I think you’ll find that everything about Sting’s new musical The Last Ship feels very epic (click here for highlights). They certainly spared no expense with their advertising. The stakes are quite high for this small, English seafaring town, but unfortunately, it didn’t resonate with me. I think this may be because the book is trying to cover too much ground. It’s like an odd mix of Billy Elliot and Kinky Boots (or any other musical that takes places in the United Kingdom) – take out the miners and replace them with ship builders, trade out a son running away from his pop’s shoe business, and this time around, make it about, ya know, ships.

Let me see if I can describe the plot briefly (loosely based on Sting’s childhood). Gideon Fletcher is a young boy who is expected to build ships with the rest of the men in town, but he sees a different future for himself. He ditches his injured, abusive father and his ship-building roots to explore the world instead. He also leaves behind his girlfriend Meg. Fifteen years later he returns, and due to the economic depression, the shipyards have closed down, and his ex is engaged. Will Gideon return to his roots? Will he embrace the shipbuilders’ cause? Will he win back his girl?

Even though it seems like the show is pulling from all of the plots we’ve seen before, it is a new score. I think Sting has become one of the more successful pop/rock stars to shift into the musical theatre genre. Like Cyndi Lauper (Tony-winning composer of Kinky Boots), he’s got his own thing going on and has written a lush, dark score with an actual arc (something Spiderman could have used). Several melodies were very catchy, although the songs that were stuck in my head afterward may have been due to the fact that they were reprised approximately 13 million times.

Alongside the solid score is a very cool set design and a strong cast. Rachel Tucker as Meg has a great voice and presence. Fred Applegate (her father and the town preacher) is reliable as always; he brings some of the much-needed humor to the piece. I like Michael Esper (Gideon), but it also took me till about halfway through the first act to start understanding whatever he was singing about. I could not get my ears to wrap around his accent. Collin Kelly-Sordelet brings a tough innocence to his performance as Tom Dawson, Meg’s 15-year-old son (hmmm, I WONDER who the father could be?).
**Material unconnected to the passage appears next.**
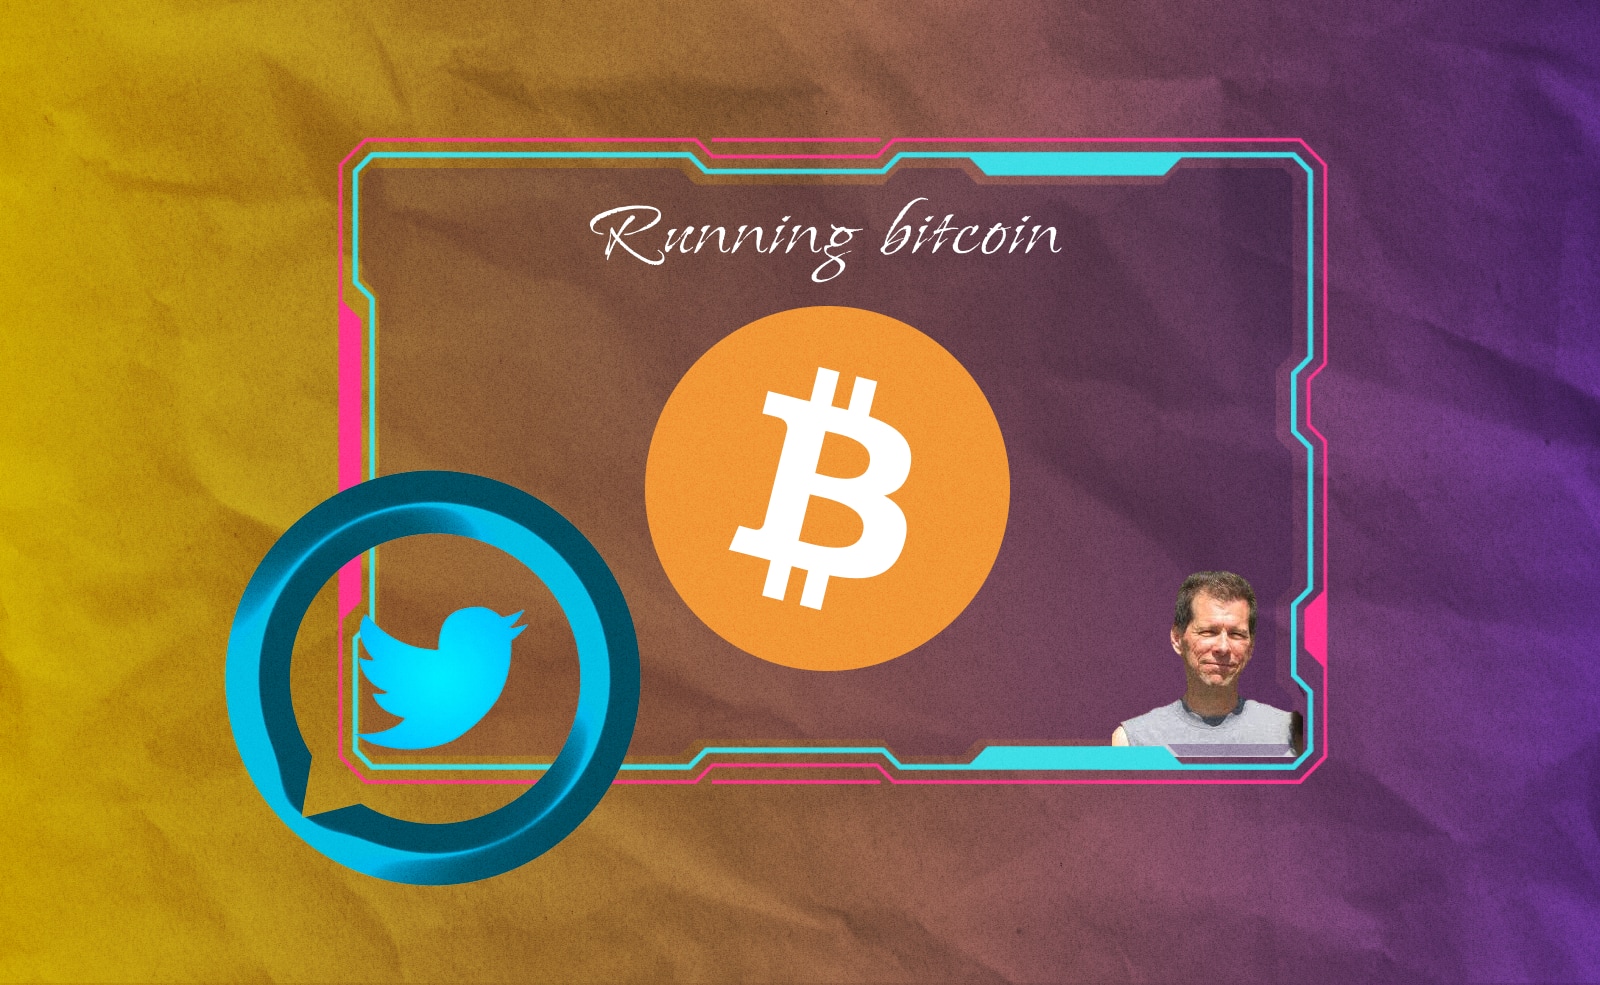 14 лет назад разработчик Хэл Финни написал в своем Twitter фразу «Running bitcoin». Этот твит стал легендарным, так как его автор имеет непосредственное отношение к становлению Bitcoin.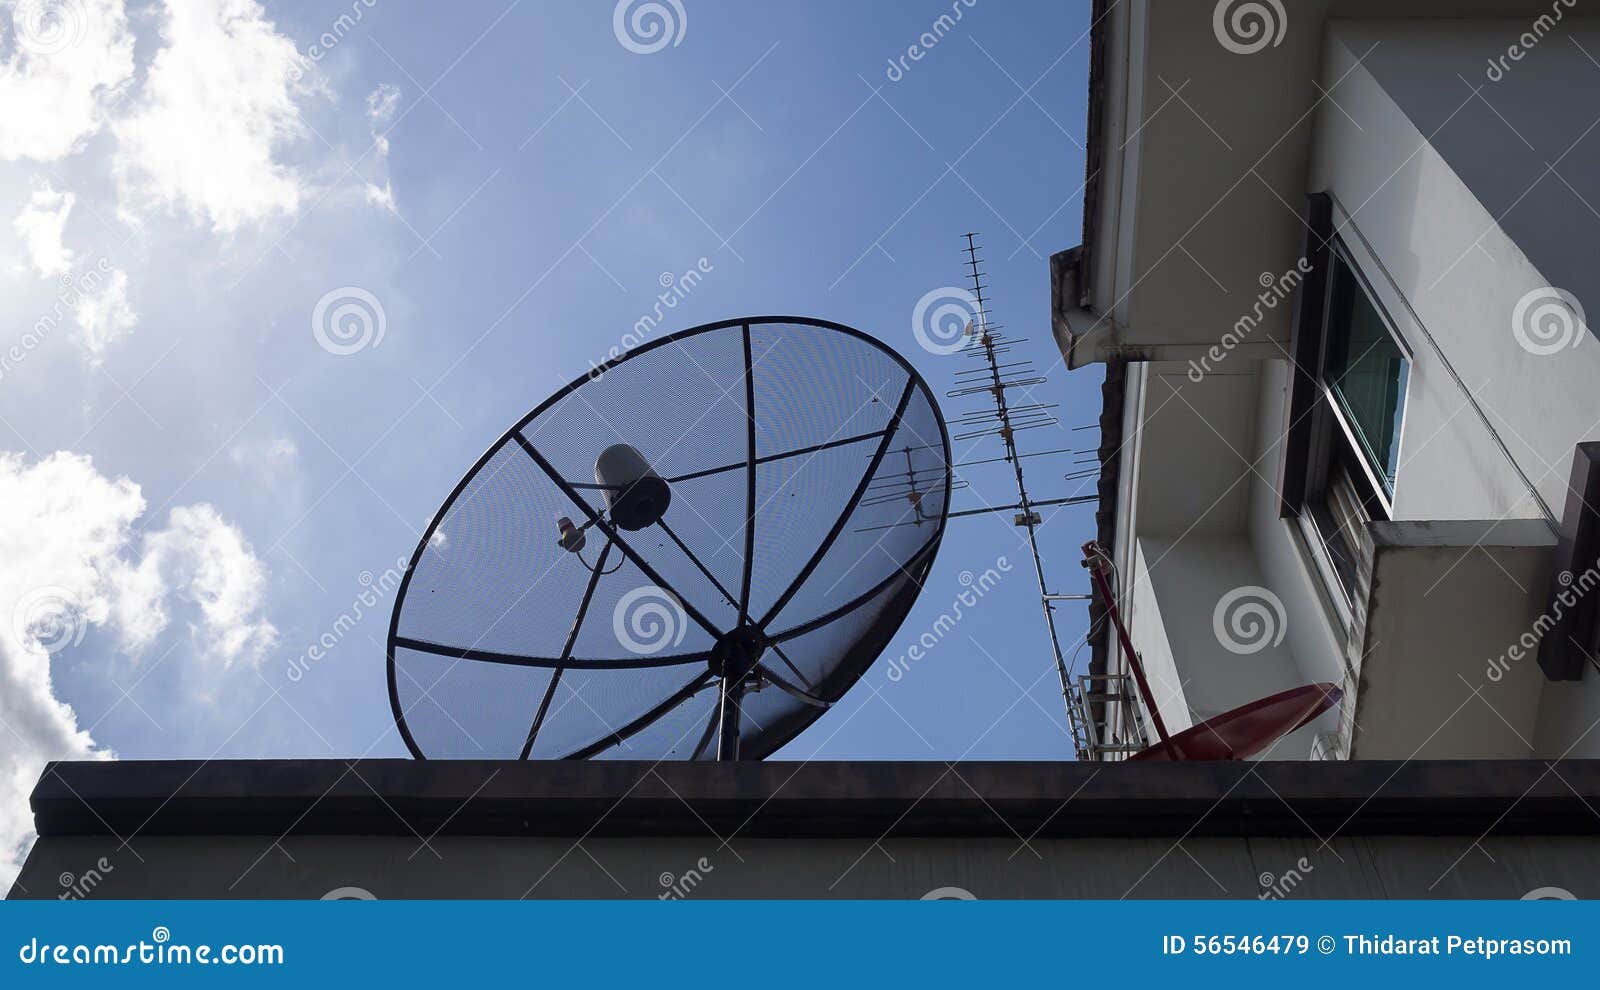 TV Grande Y Torre De Radio Con Varias Antenas Parabólicas Y Equipo De  Comunicación Celular Tula, Rusia Imagen de archivo - Imagen de  comunicación, tula: 114420957

Here are some of the reasons I had trouble with the story. One of the biggest plot points is that these men aren’t going to be allowed to build ships anymore. So they start a revolution and resolve to build one anyway – one last, this-is-gonna-be-the-best-ship-ever – but for what purpose I don’t know; it’s never made clear. Then, the protagonist’s big shift in the end of Act I which ultimately builds to the finale, didn’t do anything for me. His decision to all of a sudden go from completely indifferent to caring passionately about a cause came out of nowhere. Dramatically you need more of a believable transition to go along for that ride. There simply wasn’t time to spend on his character shift, much less the supporting characters. Most came across as one-dimensional, there only to serve one purpose. The love triangle also drove me crazy. It’s like it only exists because it’s expected in a musical. This guy returns after 15 years and starts making moves on the woman he left behind, leaving her conflicted as to whether she should stay with her long-term, kind, committed, hot (thank you, Aaron Lazar) boyfriend. Are we really supposed to be rooting for Gideon to win her back?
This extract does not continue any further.